Retold by Ashley Ramsden

Illustrated by Ed Young

Cut paper collage

A Neal Porter Book

"I was intrigued by this uniquely Nordic version of a spiritual quest," writes Ed Young. "No one thought it was ideal children's book material, even though I've always maintained that children are perfectly capable to comprehending much deeper thoughts and feelings than we are willing to acknowledge."

This is an Ed Young book, and that mean it is going to be beautiful to look at, beautiful to flip through, beautiful to hold. So damned artful in it design and presentation. I love the brown pages, the splatter of white paint for snow, the rough, charcoal outlines of his characters.

"One winter's evening, a lone traveler trudged down a winding forest road looking for a place to spend the night." A more classic beginning to a folk-tale than any I've heard. Coming across an old house where an old man chops wood, the traveler asks for a place to stay.

"You'll have to ask my father," is the response. "He's around back, in the kitchen."

Inside is another old man, "older than the last," and the traveler again asks for a place to stay.

"You'll have to ask my father. He is in the parlor."
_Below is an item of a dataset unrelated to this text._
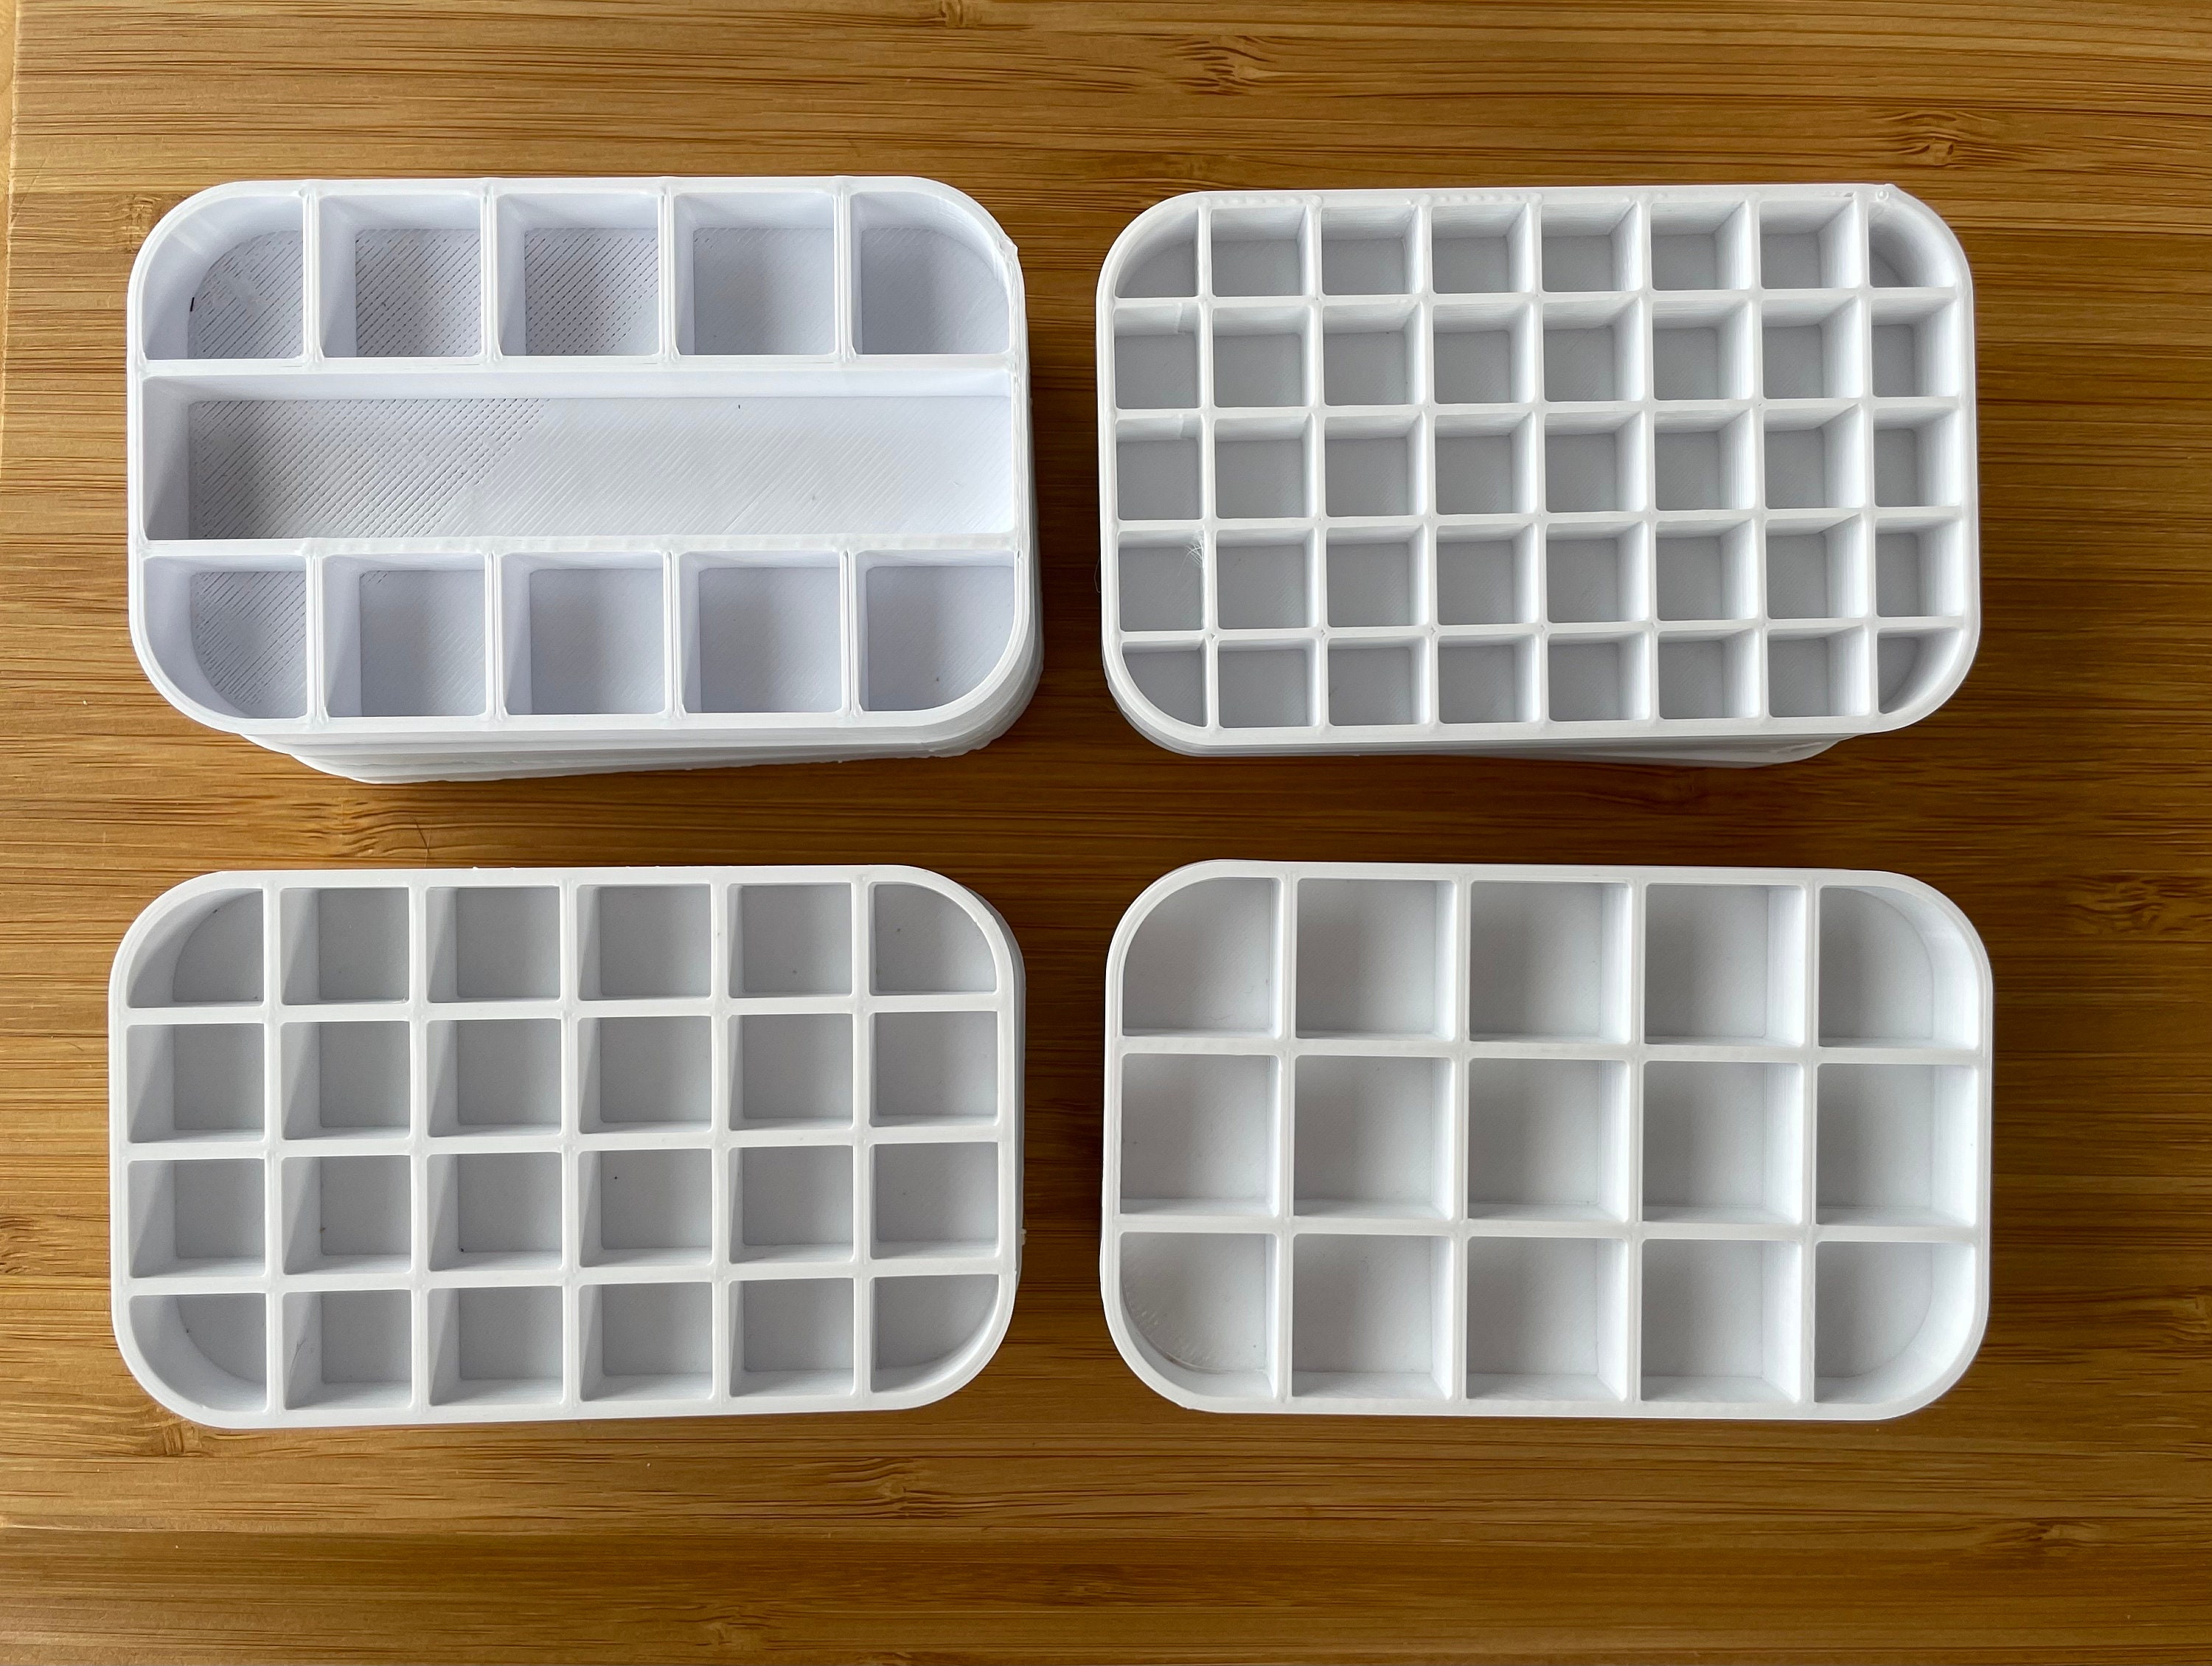 Falcone Ice cube bottle tray White Silicone Ice Cube Tray Price in

The trick of the narrative begins to unveil itself. Indeed, in the parlor, sits an old man, "much older than the last." On and on. Ramsden's writing becomes more playful the further in we go. The traveler meets, "a very, very, very, very, very old man. His head was small and shrunken with just a wisp of white hair on the pillow."

Followed by: "a very, very, very, very, very, very, very, very, very old man, so small, so shrunken, he was no bigger than a baby."

The traveler closed his eyes and listened for a reply, bit all he could hear was a gurgling noise than fluttered and quivered and shook until finally he was able to make out some faint words: "I am not the father of this house."

I couldn't help but think of ill-fated astronaut Dave Bowman, navigating his way through the interior of the monolith, and wondered if Kubrick had any Nordic blood in his directorial veins.

"In the storytelling tradition, we often say, 'Behind me is the one I heard this story from... and behind that storyteller the one who told them the tale...' and so on," writes the author, who is himself primarily an oral storyteller. "Amongst the first peoples there was always a profound sense of how we are all connected to the one who came before us and the spiritual origin that underpin our entire existence."